Mr. Bubble
- Logo
- Type: Bubble bath
- Inventor: Harold Schafer
- Inception: 1961
- Manufacturer: The Village Company
- Website: https://thevillagecompany.com/pages/mr-bubble

= Mr. Bubble =

Brand of bubble bath

Mr. Bubble is an American brand of bubble bath products manufactured by The Village Company. Created by Harold Schafer in 1961, it is the #1 brand of bubble bath products in the United States. In addition to the flagship bubble bath formula, the line includes body wash, shampoo, conditioner, bath bombs, hand soap and baby wipes. The Mr. Bubble brand became well known for its advertisements, most famously featuring bright and colorful cartoon depictions of the Mr. Bubble character in humorous settings.

==History==
Mr. Bubble was invented by Harold Schafer who, through his love of helping his children during bath time, envisioned a low cost powdered bubble bath product to be sold at grocery stores and pharmacies. The idea for the name "Mr. Bubble" came after Schafer heard a late-night radio ad for foam cleaner Mr. Clean.

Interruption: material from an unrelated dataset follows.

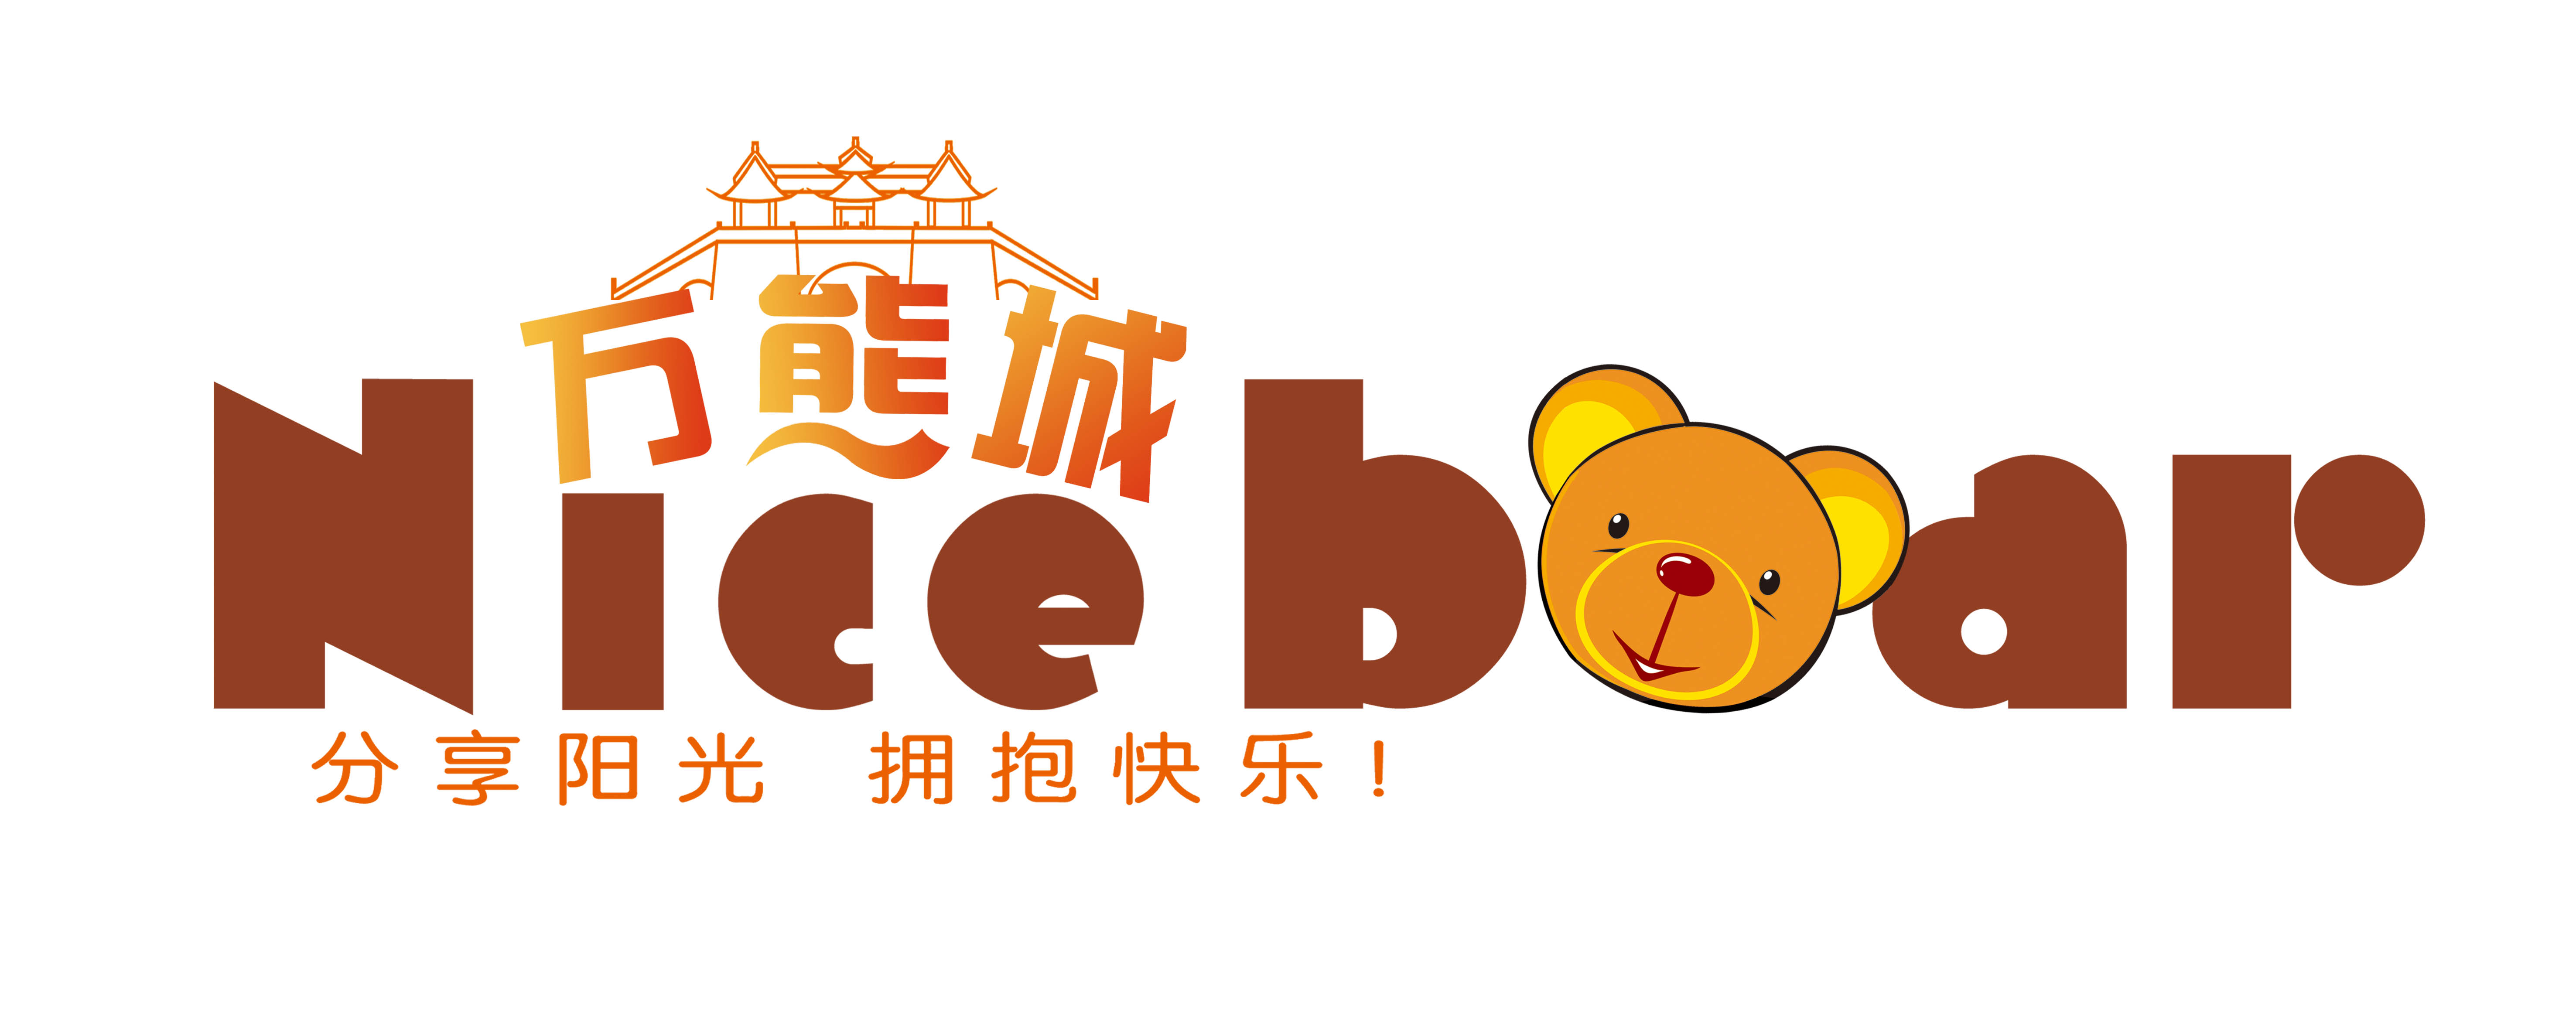 玩具礼品熊网店logo设计
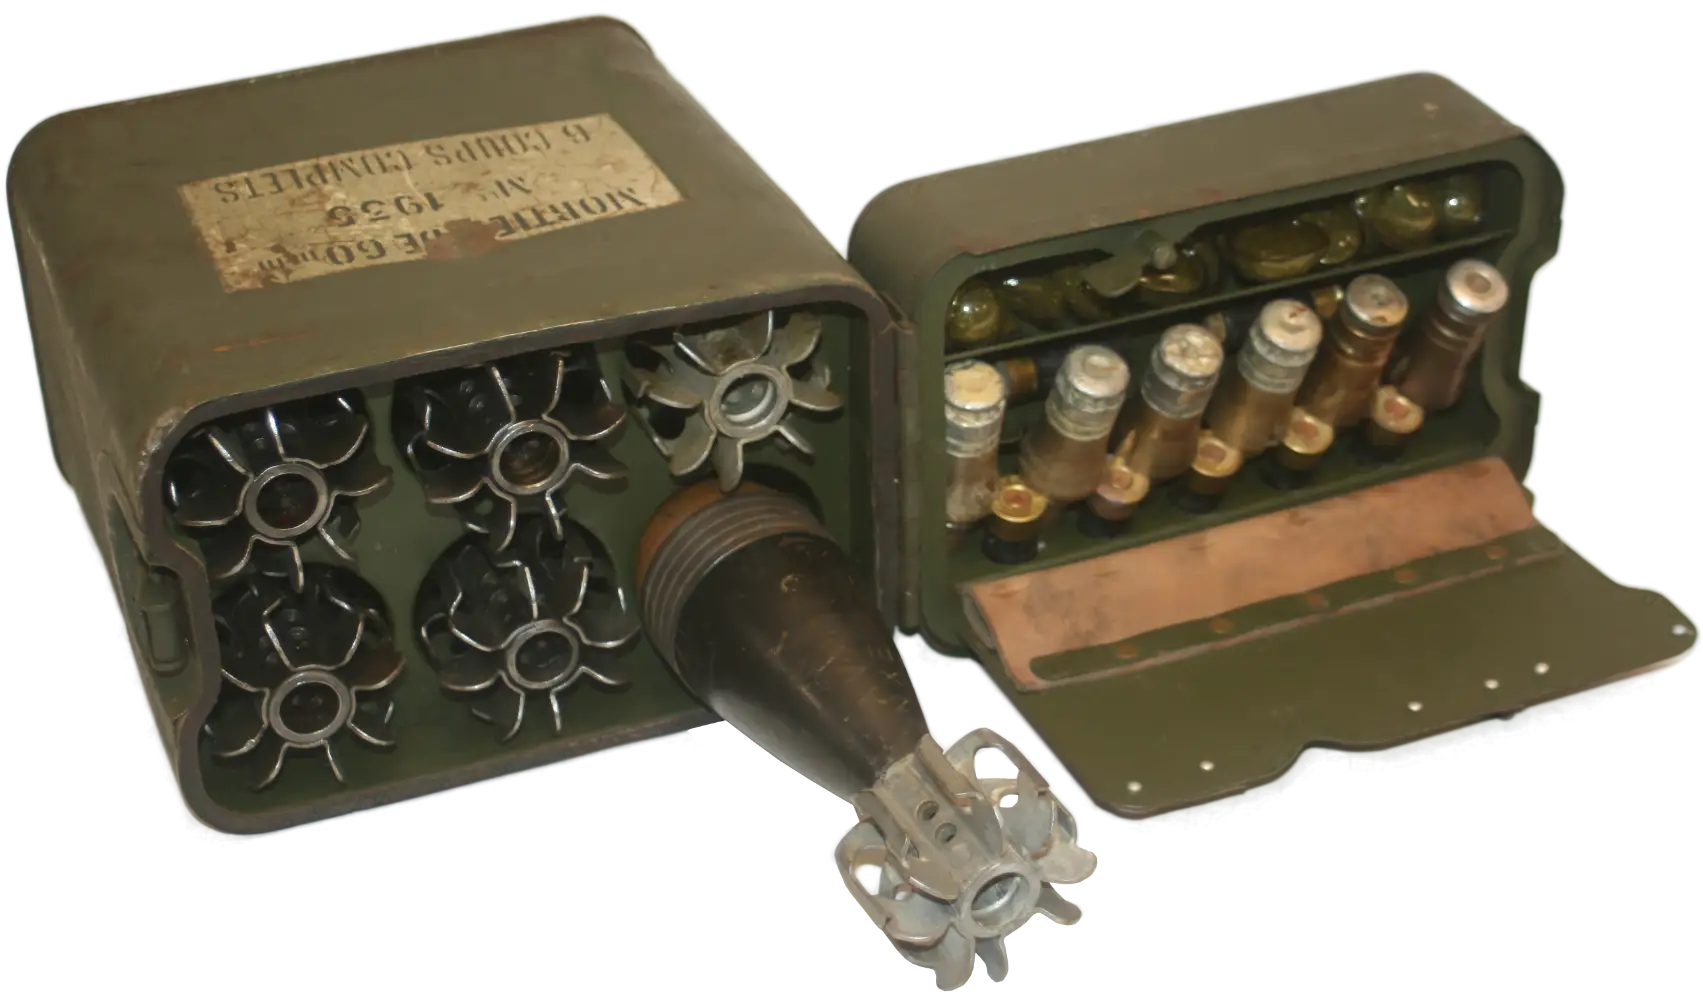 Ligne Maginot - Munition pour mortier de 60 mm FA mle 1935 (60 FA 35) - Exemple d’agencement d’une caisse tactique de 6 coups complets - On distingue les relais, fusées, et cartouches (dont une supplémentaire) parfaitement positionnés dans le couvercle.

It was first manufactured by his Gold Seal Company in North Dakota in 1961 and sold for 59 cents ($5.85 in 2022). Due to the cost being too high for the intended market of families at the time, the product quickly flopped. After working with suppliers to lower the cost to 39 cents ($3.86 in 2022 money), combined with its now famous commercials, Mr. Bubble soon catapulted to worldwide success. In 1972, the company introduced the now-standard liquid bubble bath bottles.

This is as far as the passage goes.